Data records —

┄┄┄┄┄┄┄┄┄┄

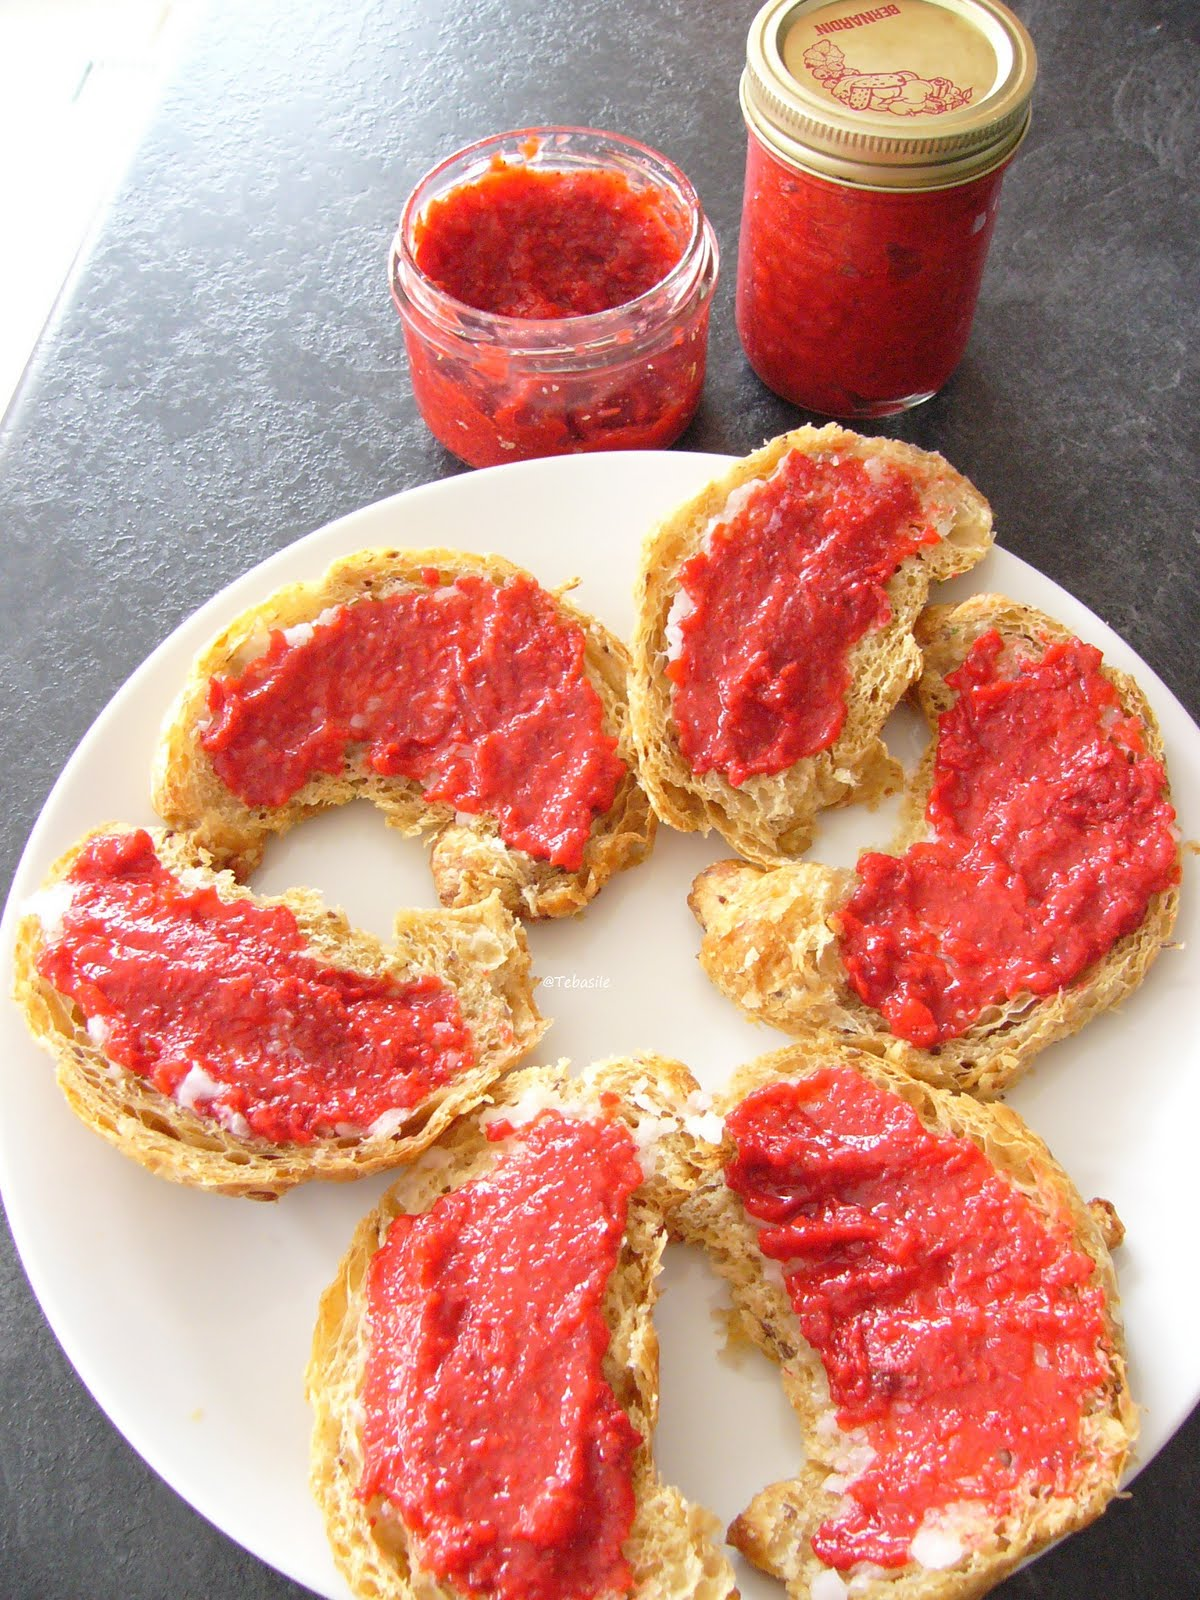 Tebasiles Kitchen: Dehydrated Strawberries / Jam
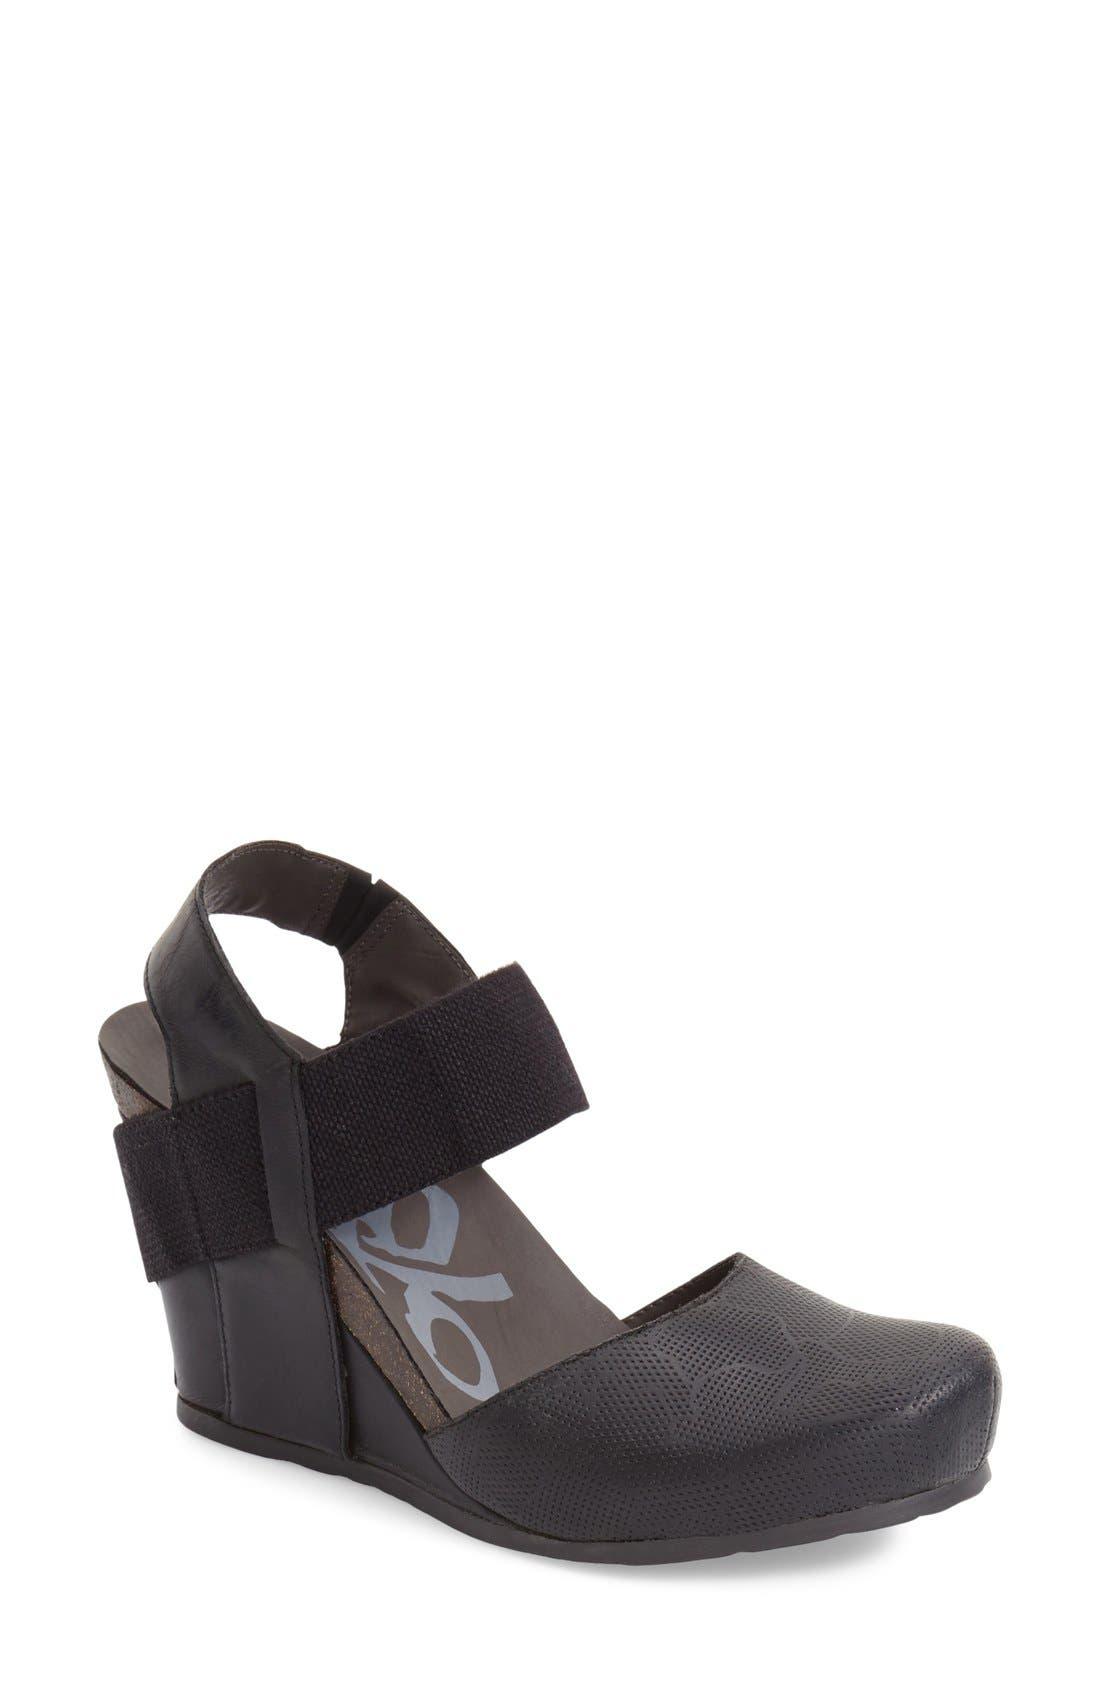 OTBT 'Rexburg' Wedge Sandal, Main, color, 019
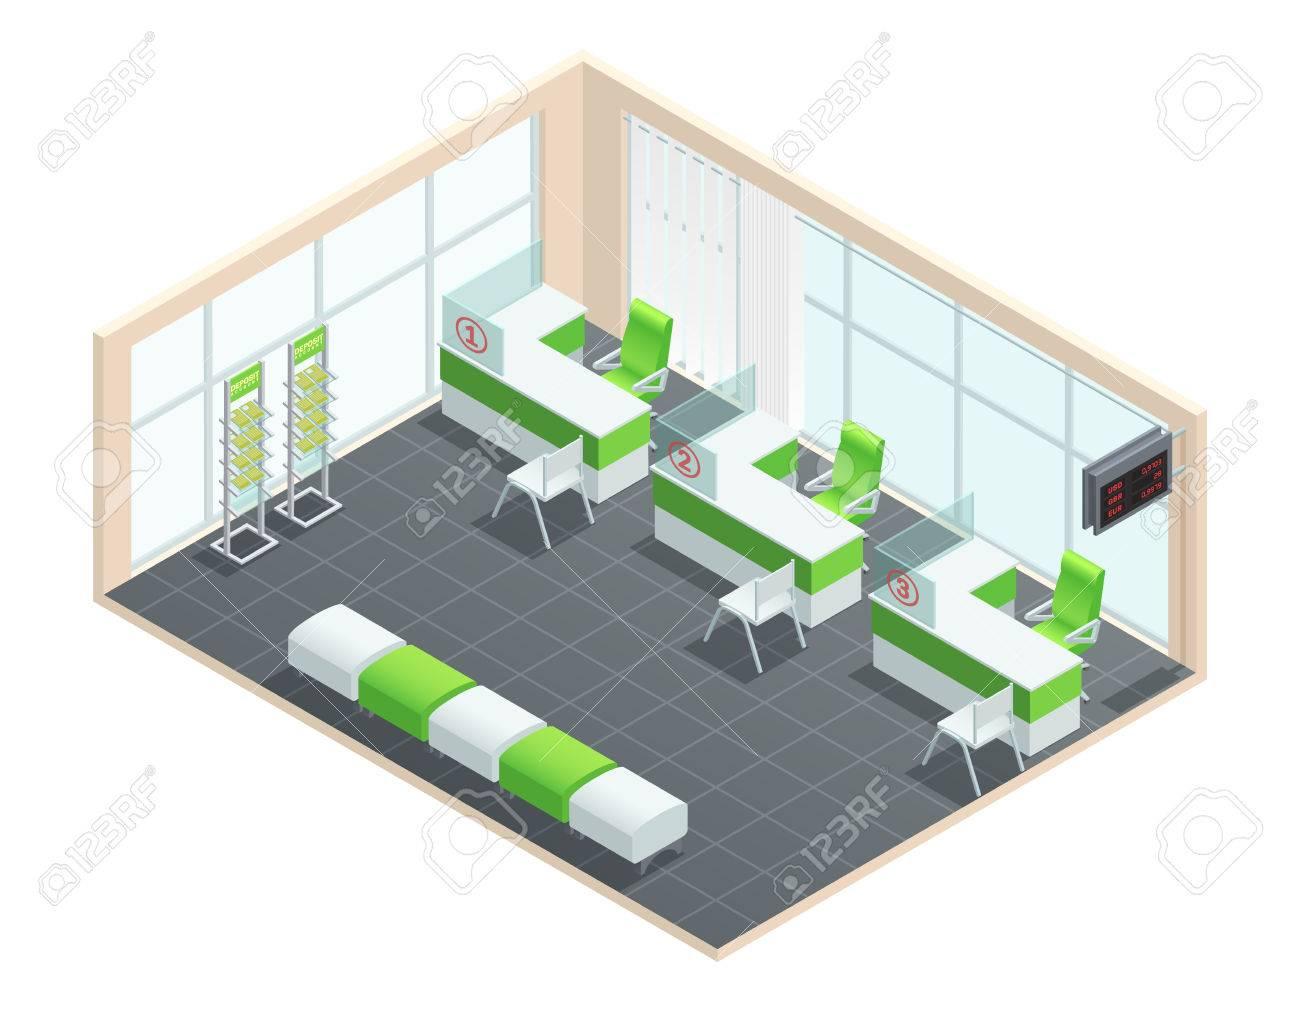 empty rooms polyvore   Empty room, Living room clipart, Design
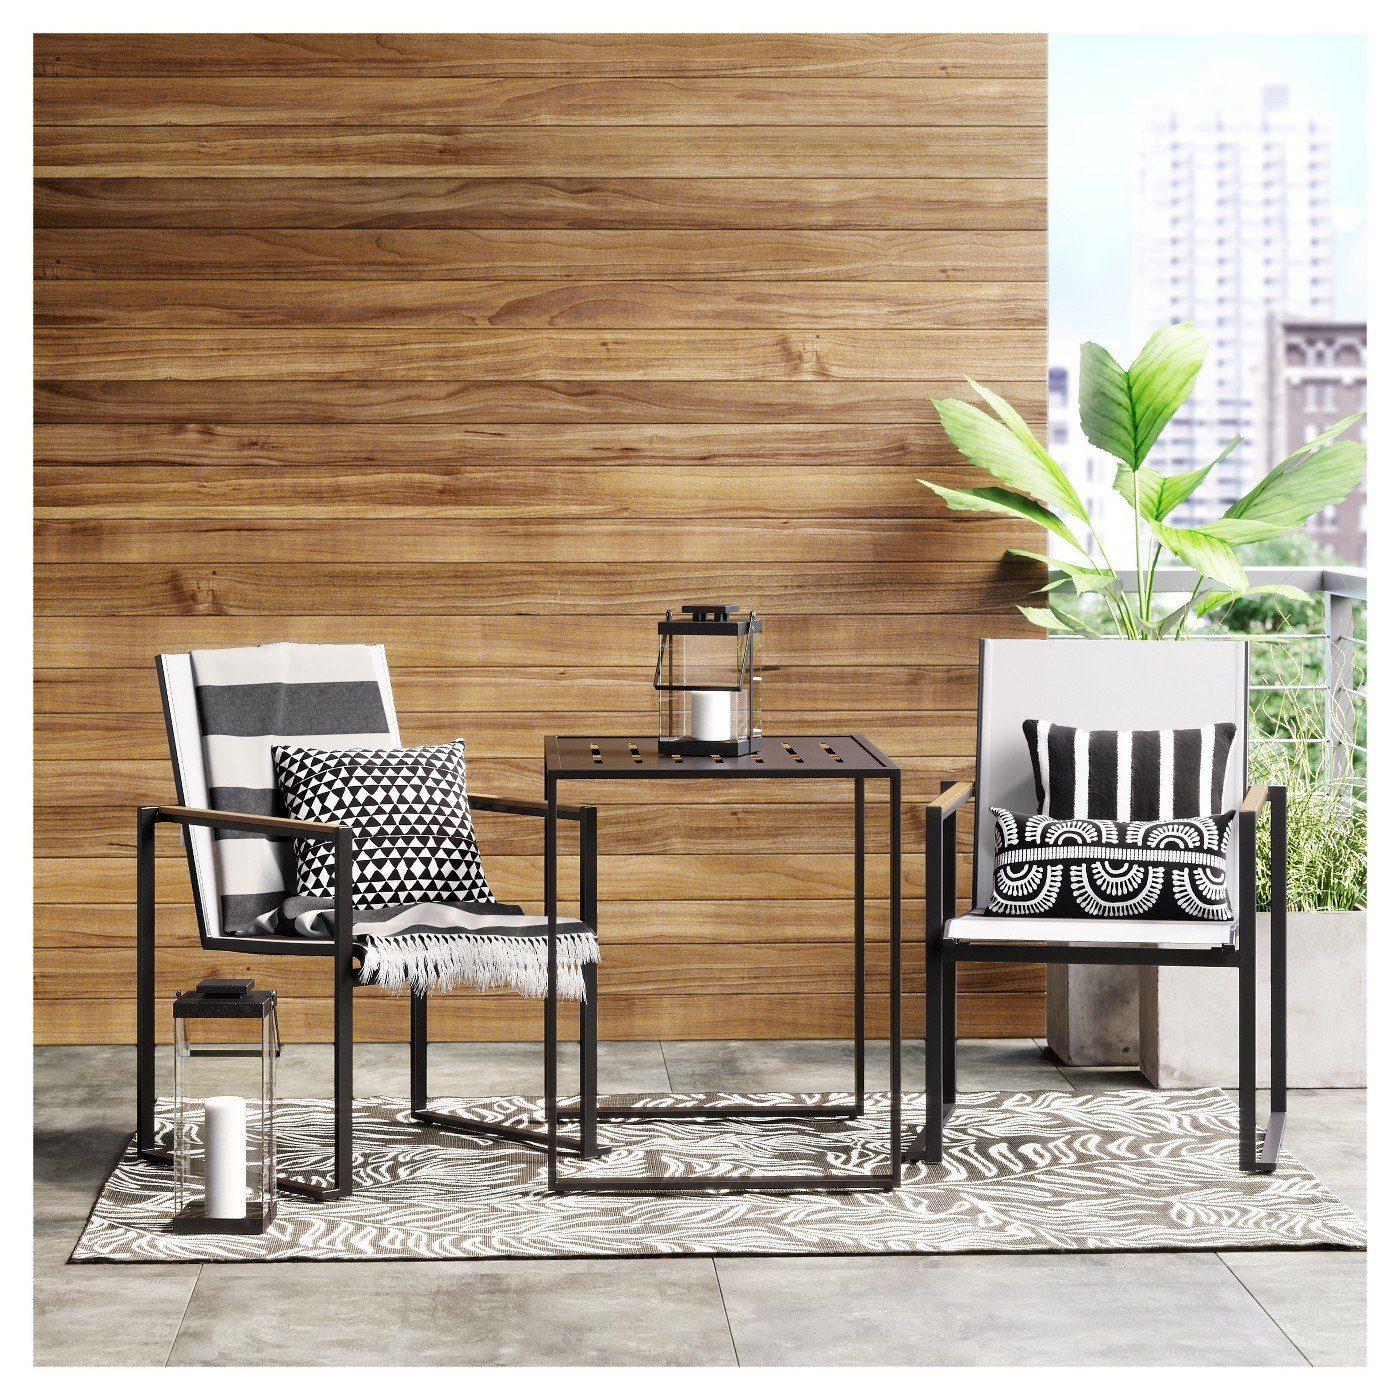 patio season furniture round-up
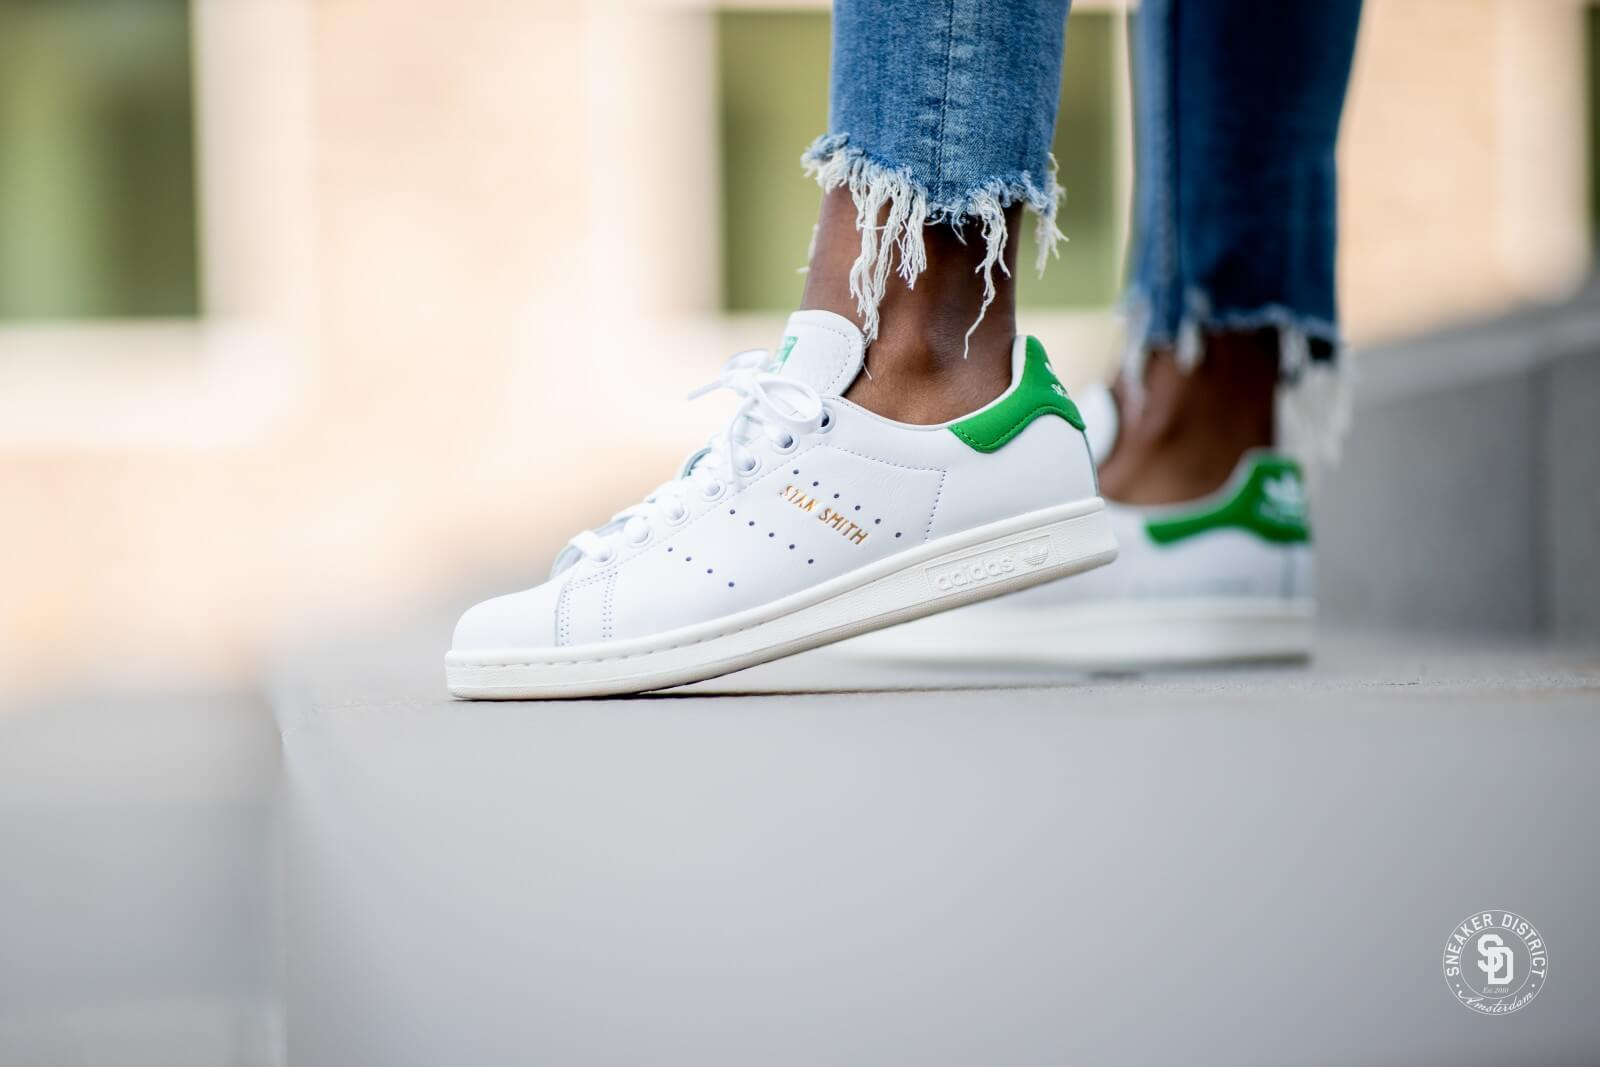 Adidas Stan Smith Footwear WhiteFootwear White Green EF7508

┄┄┄┄┄┄┄┄┄┄

Work instructions —
Omit the pictures. Repeat the rest of the data exactly.

Output of the exercise —
 Tebasiles Kitchen: Dehydrated Strawberries / Jam
 OTBT 'Rexburg' Wedge Sandal, Main, color, 019
 empty rooms polyvore   Empty room, Living room clipart, Design
 patio season furniture round-up
 Adidas Stan Smith Footwear WhiteFootwear White Green EF7508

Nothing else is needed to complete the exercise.